* [Task statement]
An exact copy of all the data, minus the images, is required.

* [Information provided]
◆ ◆ ◆ ◆

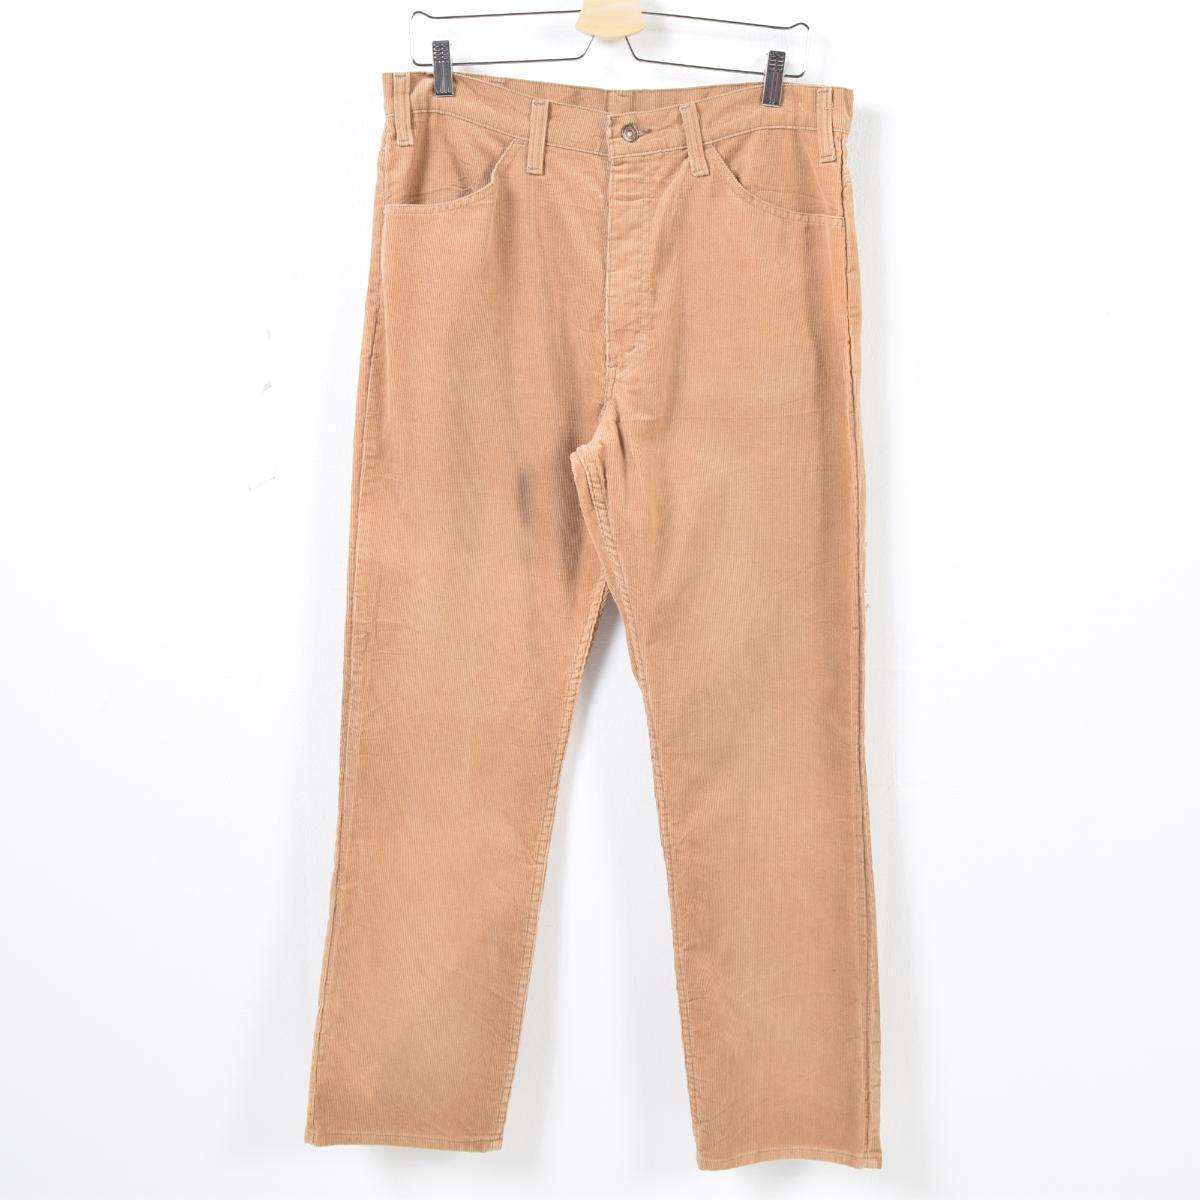 fda12f4d 80s Levis Levi's 519-1523 42TALON zip corduroy underwear men w34 vintage  /wak0453
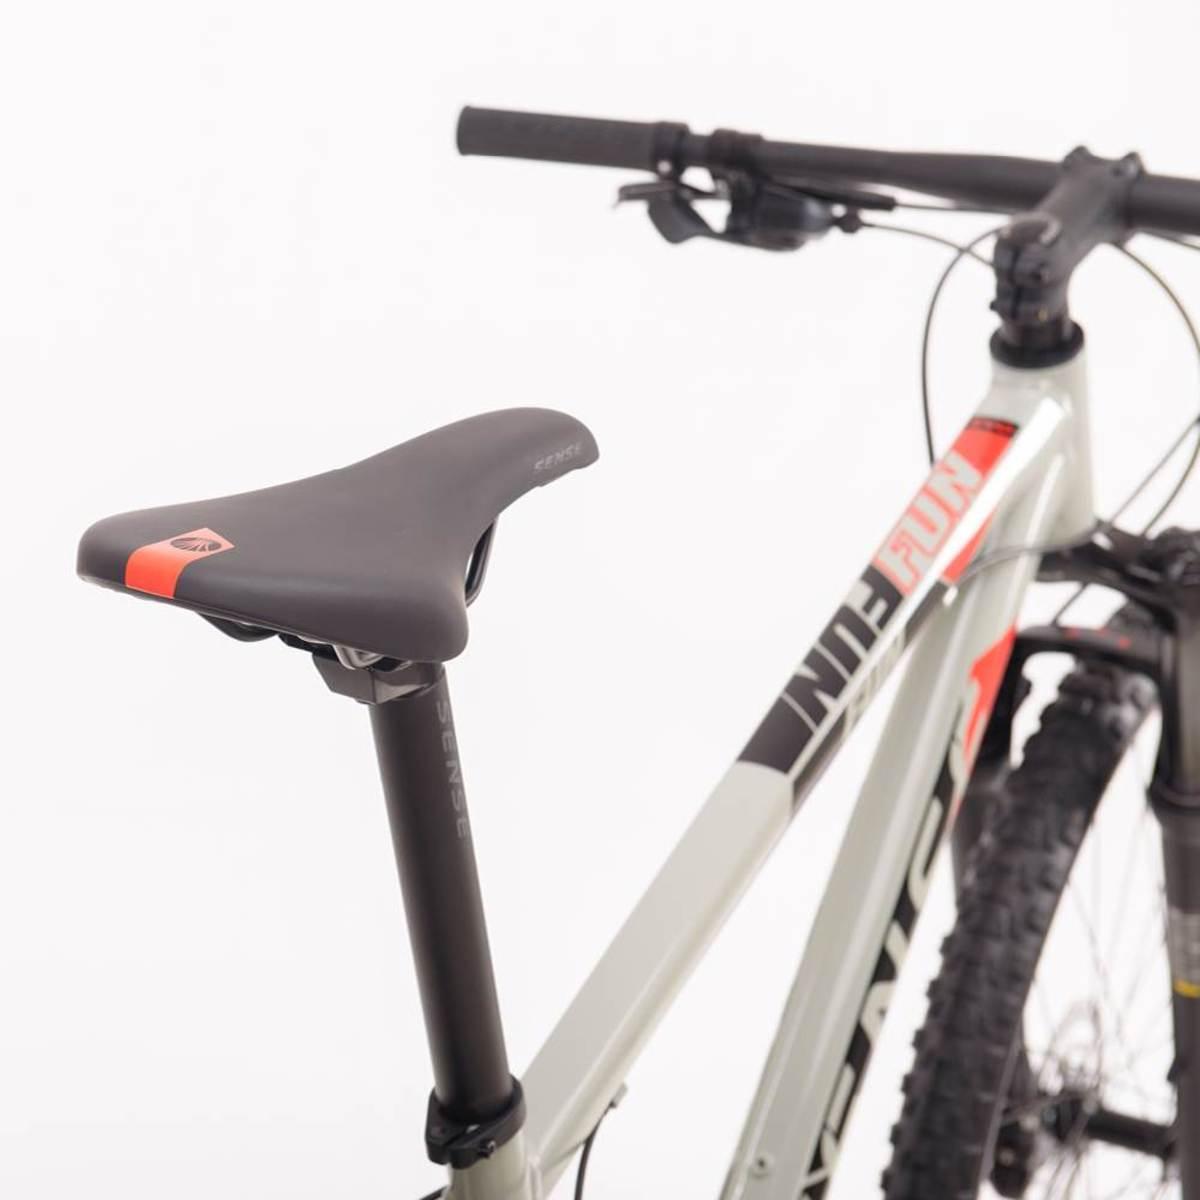 Bicicleta SENSE Fun Evo 2021 - 18v Shimano Alivio - Freio Shimano Hidráulico - Cinza/Vermelho
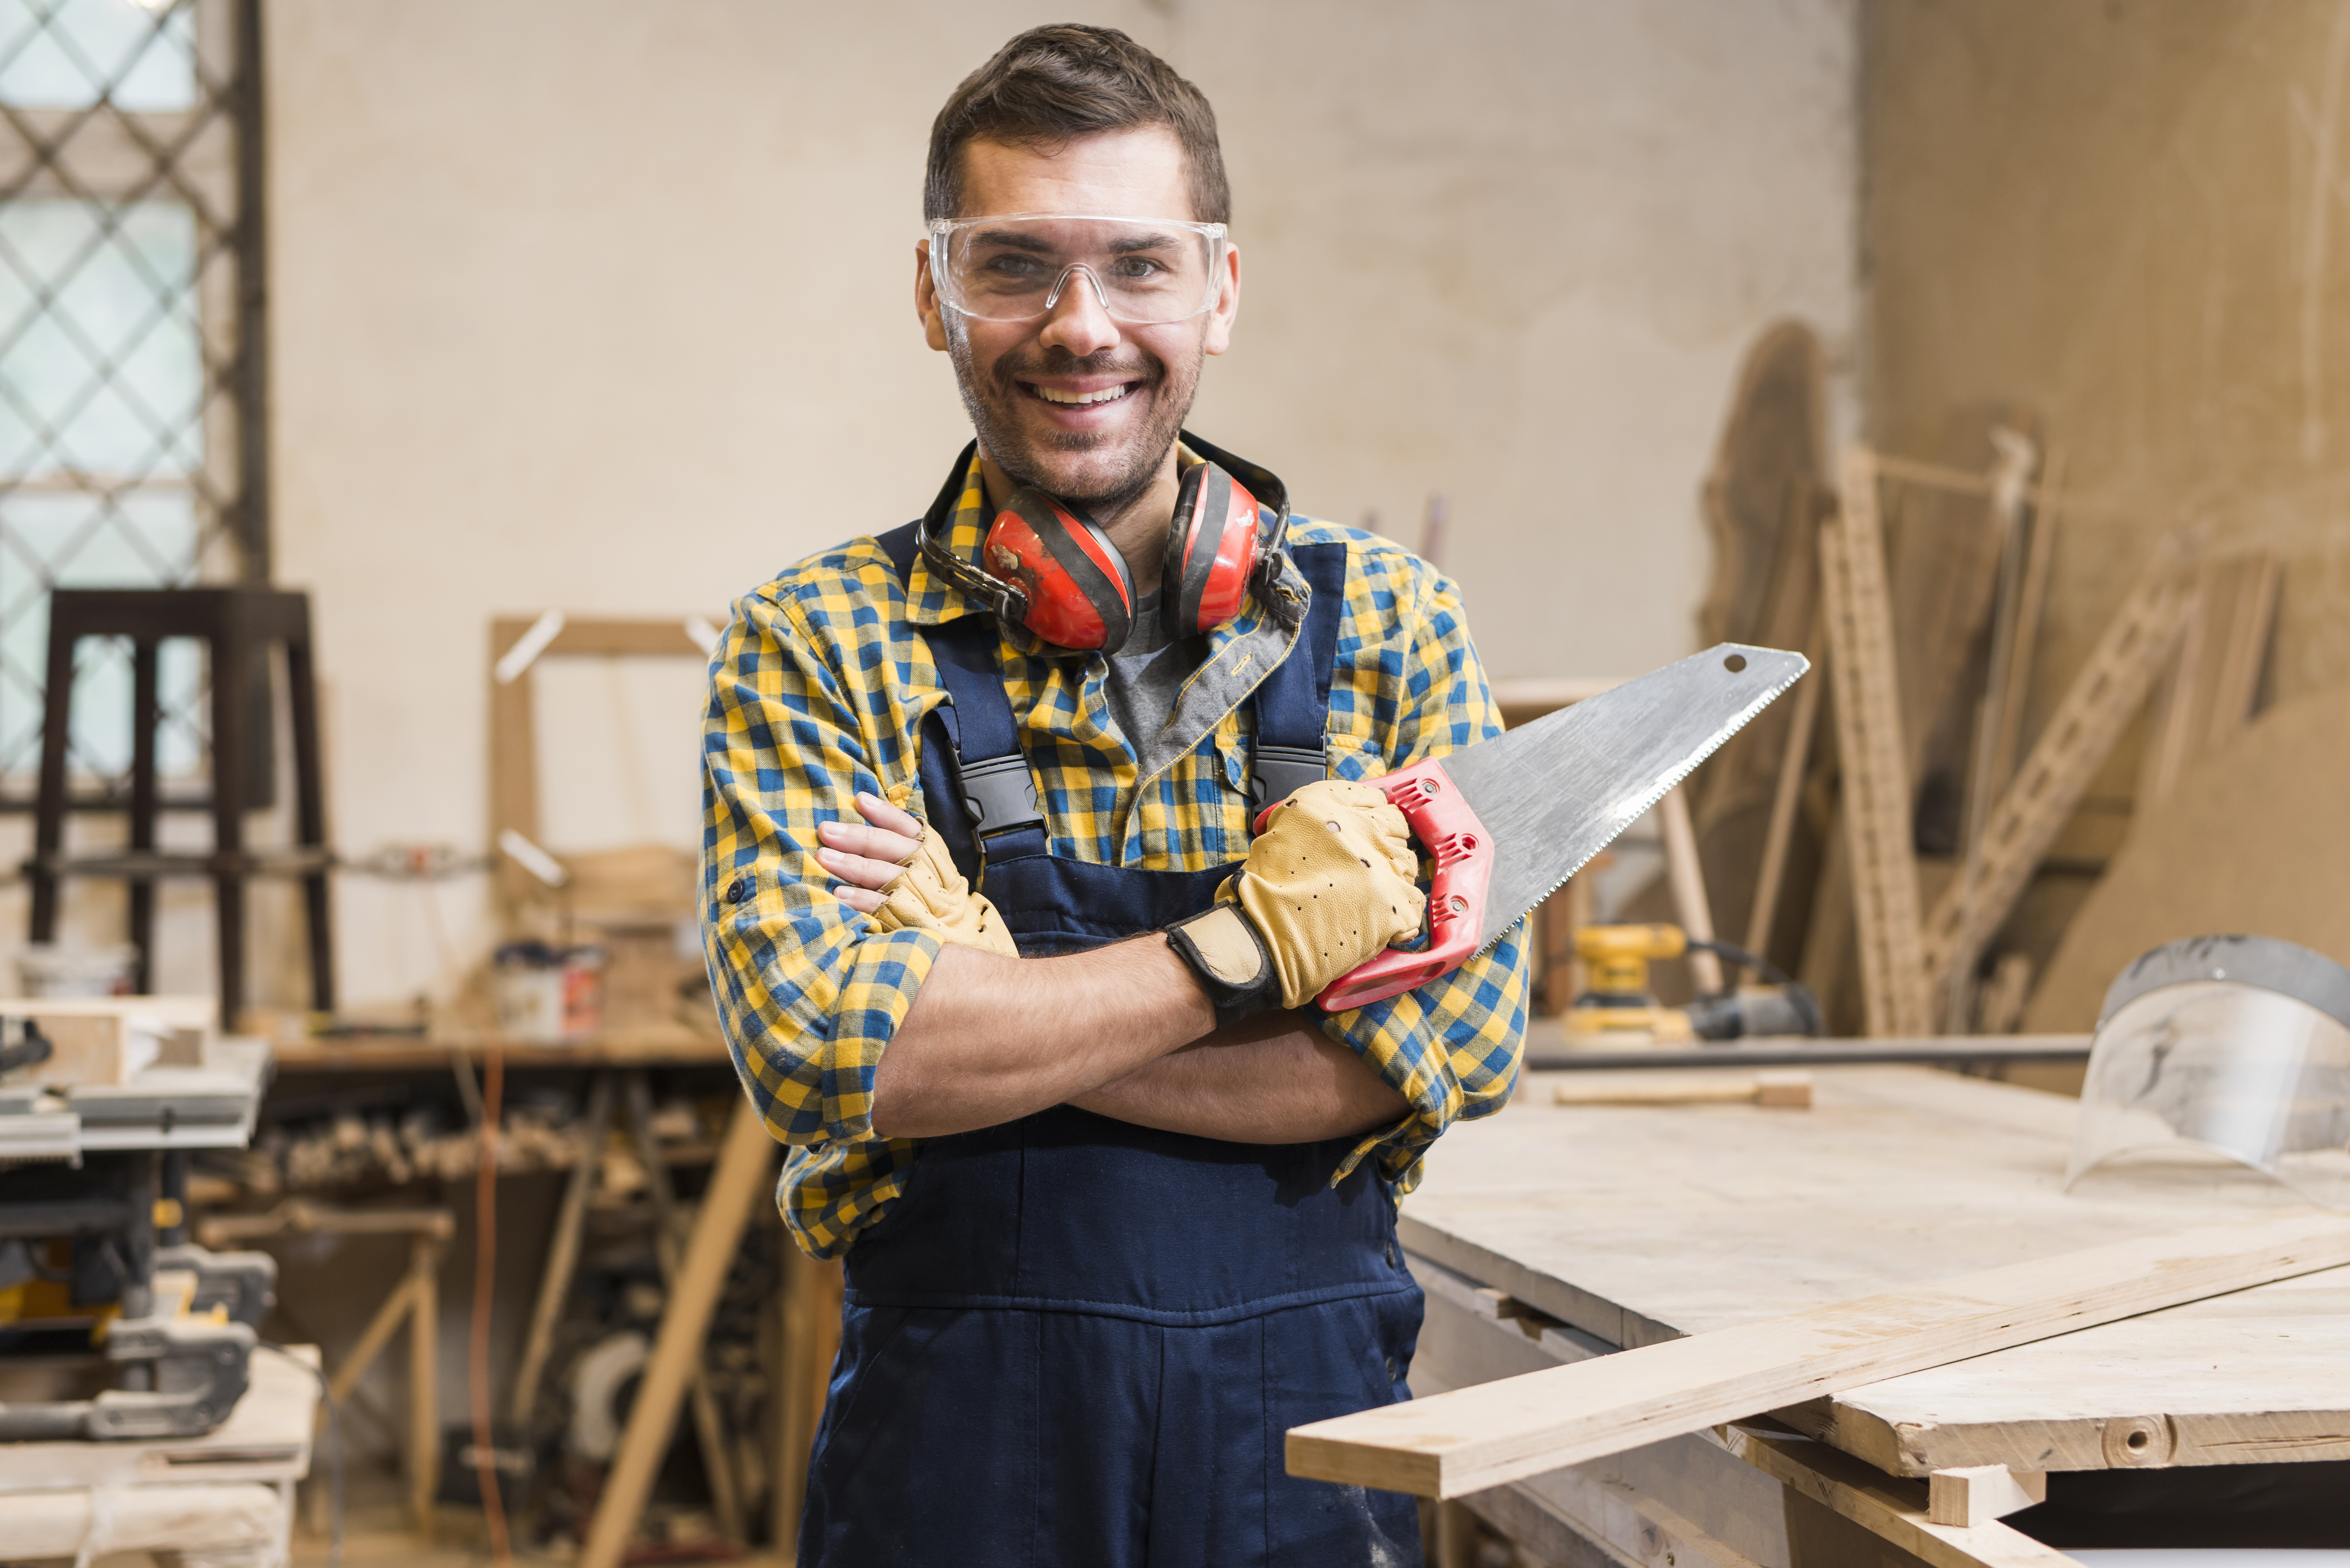 Comment bien choisir son artisan ?

◆ ◆ ◆ ◆

* [Response to this exercise]
 fda12f4d 80s Levis Levi's 519-1523 42TALON zip corduroy underwear men w34 vintage  /wak0453
 Bicicleta SENSE Fun Evo 2021 - 18v Shimano Alivio - Freio Shimano Hidráulico - Cinza/Vermelho
 Comment bien choisir son artisan ?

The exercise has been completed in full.